Por Cuaderno Sandinista
La historia del Frente Sandinista de Liberación Nacional también fue construida por jóvenes que abandonaron las aulas, las comodidades y, finalmente, la propia seguridad de sus vidas para incorporarse a la lucha contra la dictadura somocista. Emir de León Cabezas Lacayo pertenece a esa generación. Dirigente estudiantil, militante sandinista y guerrillero de la Brigada Pablo Úbeda, su trayectoria enlaza la universidad y la montaña como espacios fundamentales de la lucha revolucionaria de aquellos años.
Emir nació el 24 de mayo de 1952. Después de concluir sus estudios de secundaria, ingresó a la Universidad Nacional Autónoma de Nicaragua en León para estudiar economía. Allí desarrolló una intensa actividad política como dirigente del Frente Estudiantil Revolucionario (FER), organización vinculada al FSLN, que desempeñó un papel importante en la incorporación de los estudiantes universitarios a la lucha contra la dictadura.
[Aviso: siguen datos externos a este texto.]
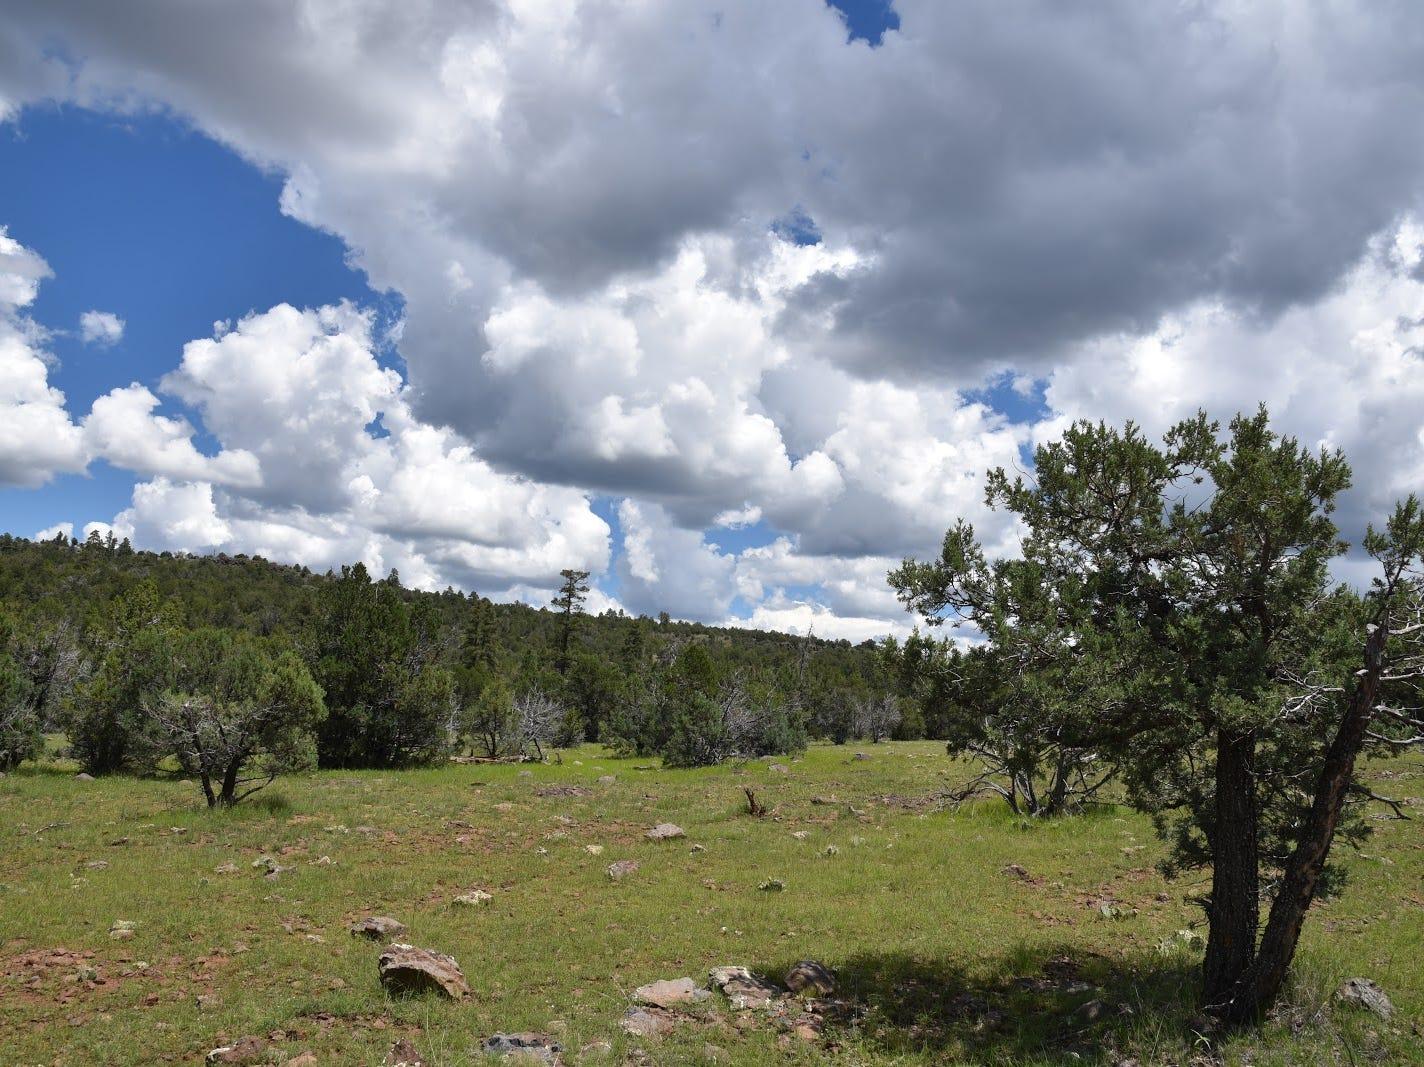 Monsoon clouds build above Wild Steer Mesa.
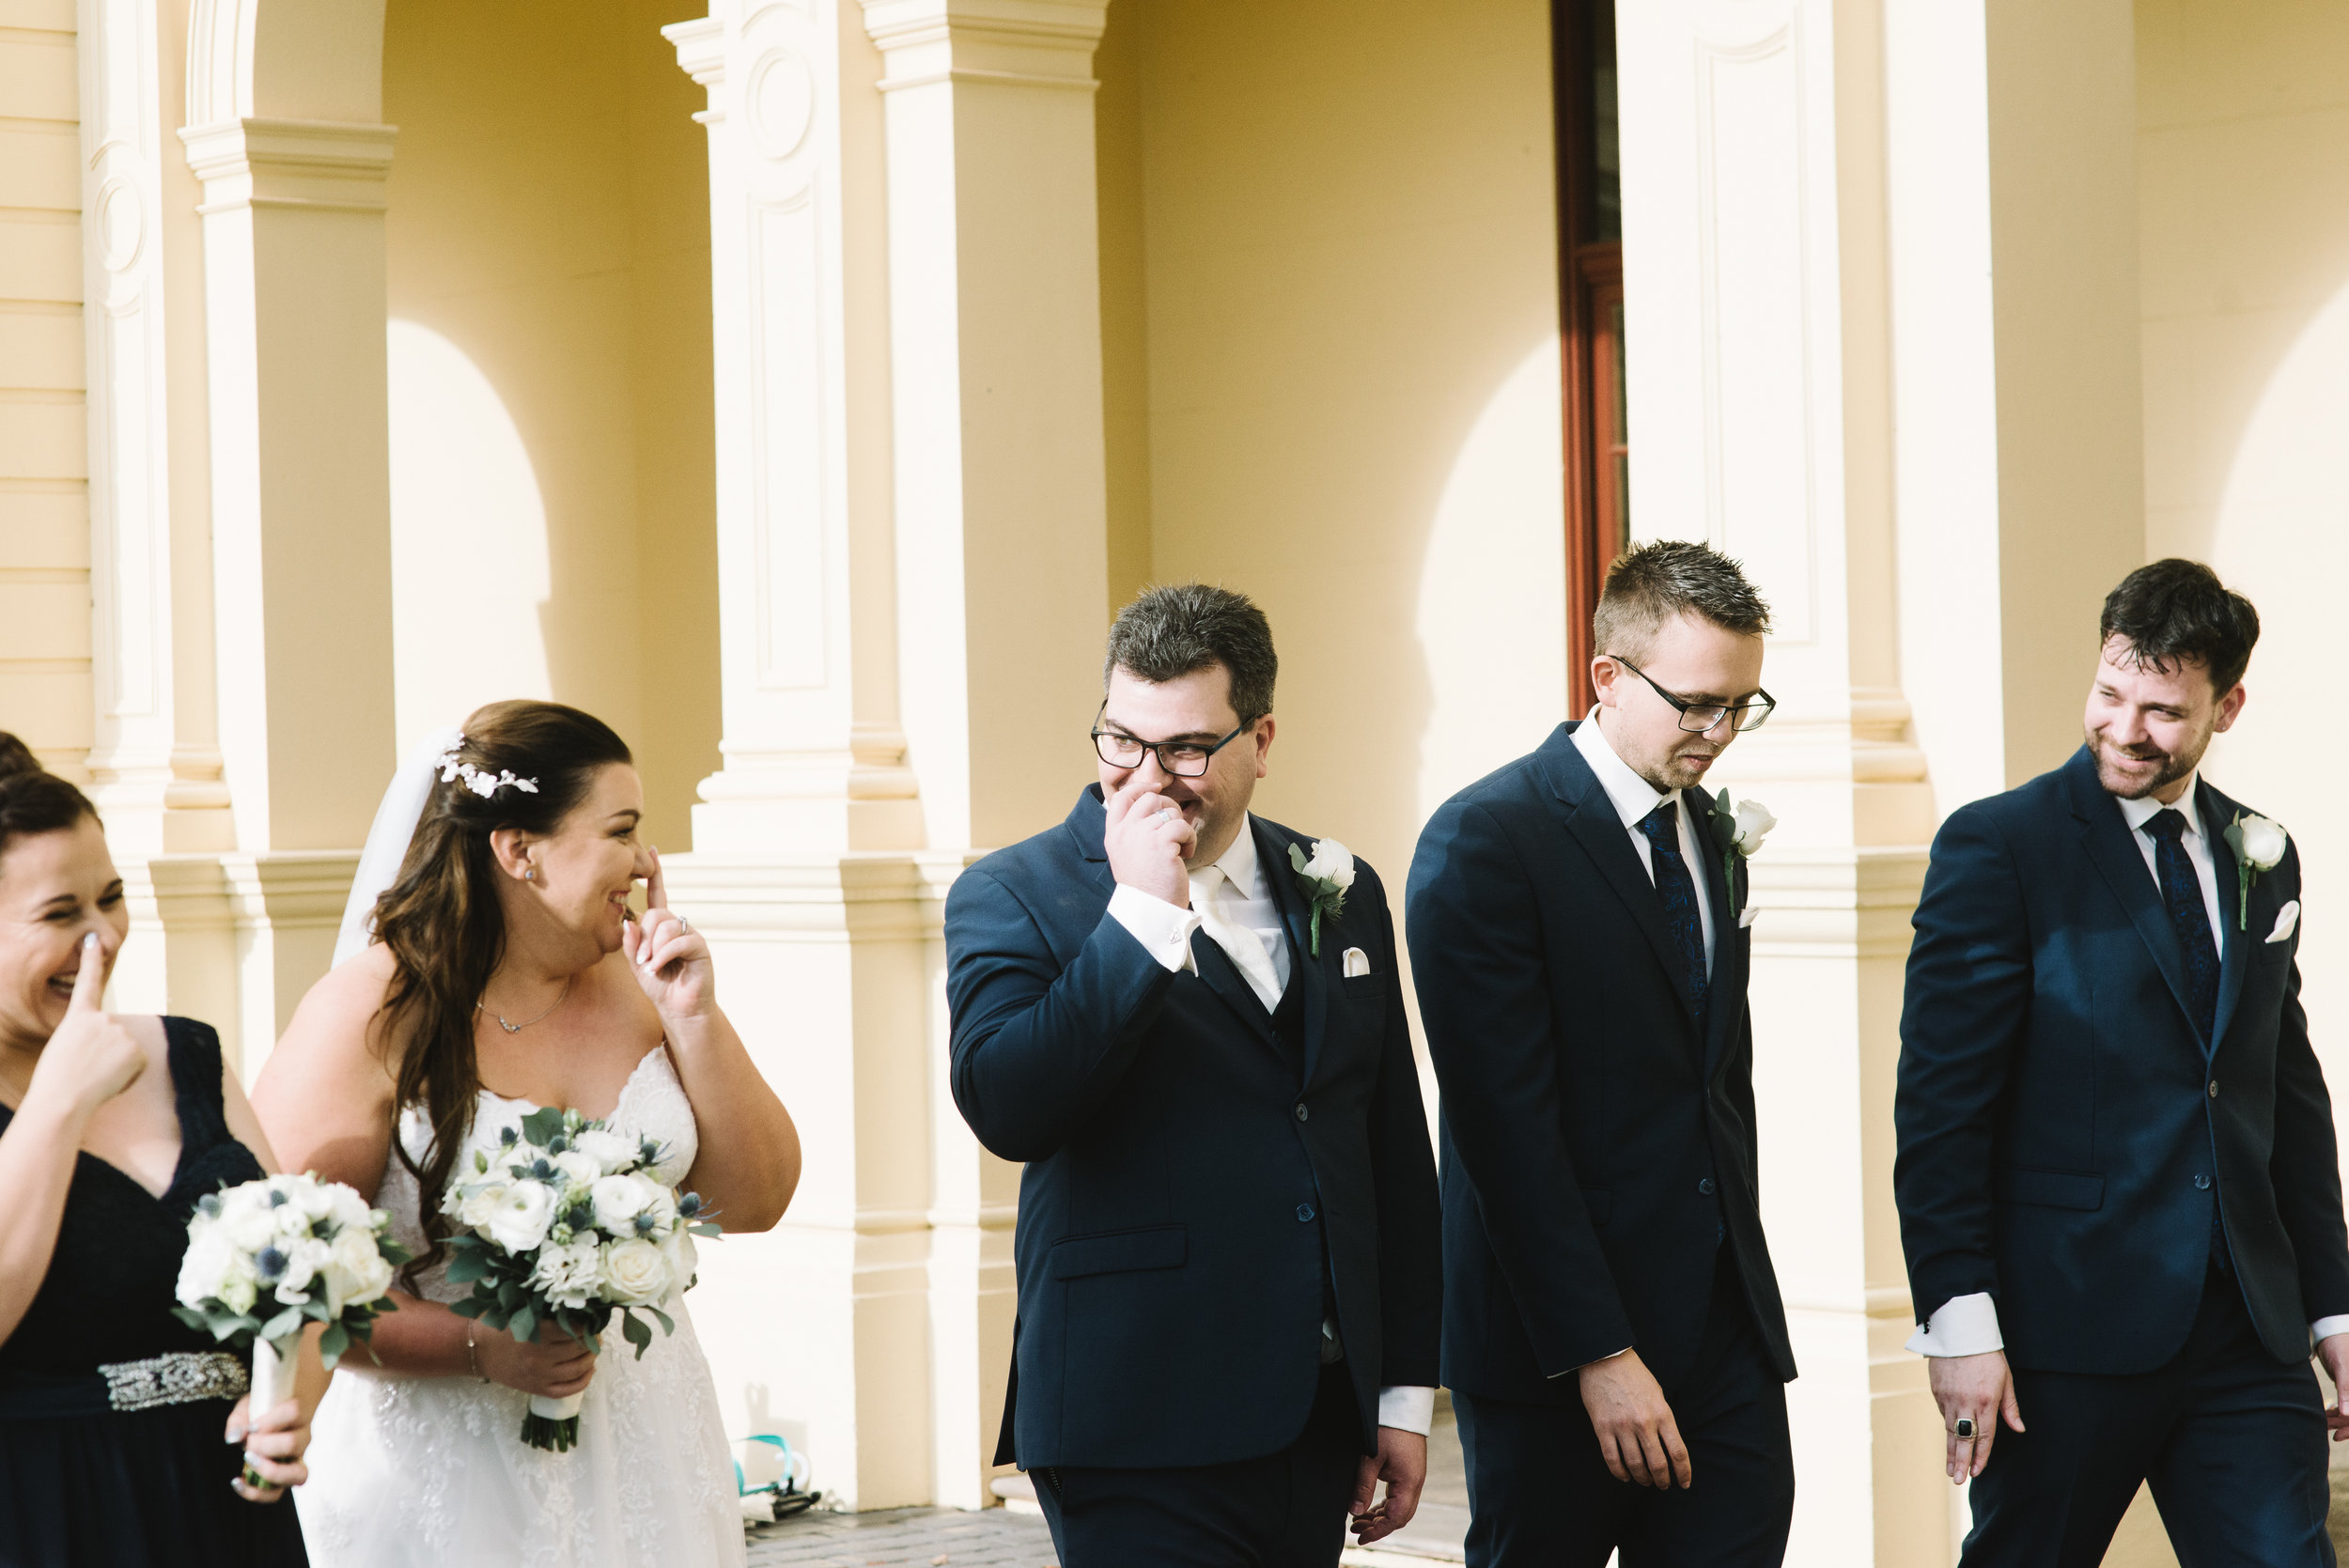 brisbane-wedding-photographer-68.jpg

León constituía entonces uno de los principales espacios de organización y movilización revolucionaria. Por la Universidad habían transitado figuras fundamentales del movimiento revolucionario nicaragüense como Carlos Fonseca, Tomás Borge, Óscar Danilo Rosales y Silvio Mayorga. Dentro de aquella tradición de lucha estudiantil también surgirían nuevos cuadros sandinistas, entre ellos Emir Cabezas.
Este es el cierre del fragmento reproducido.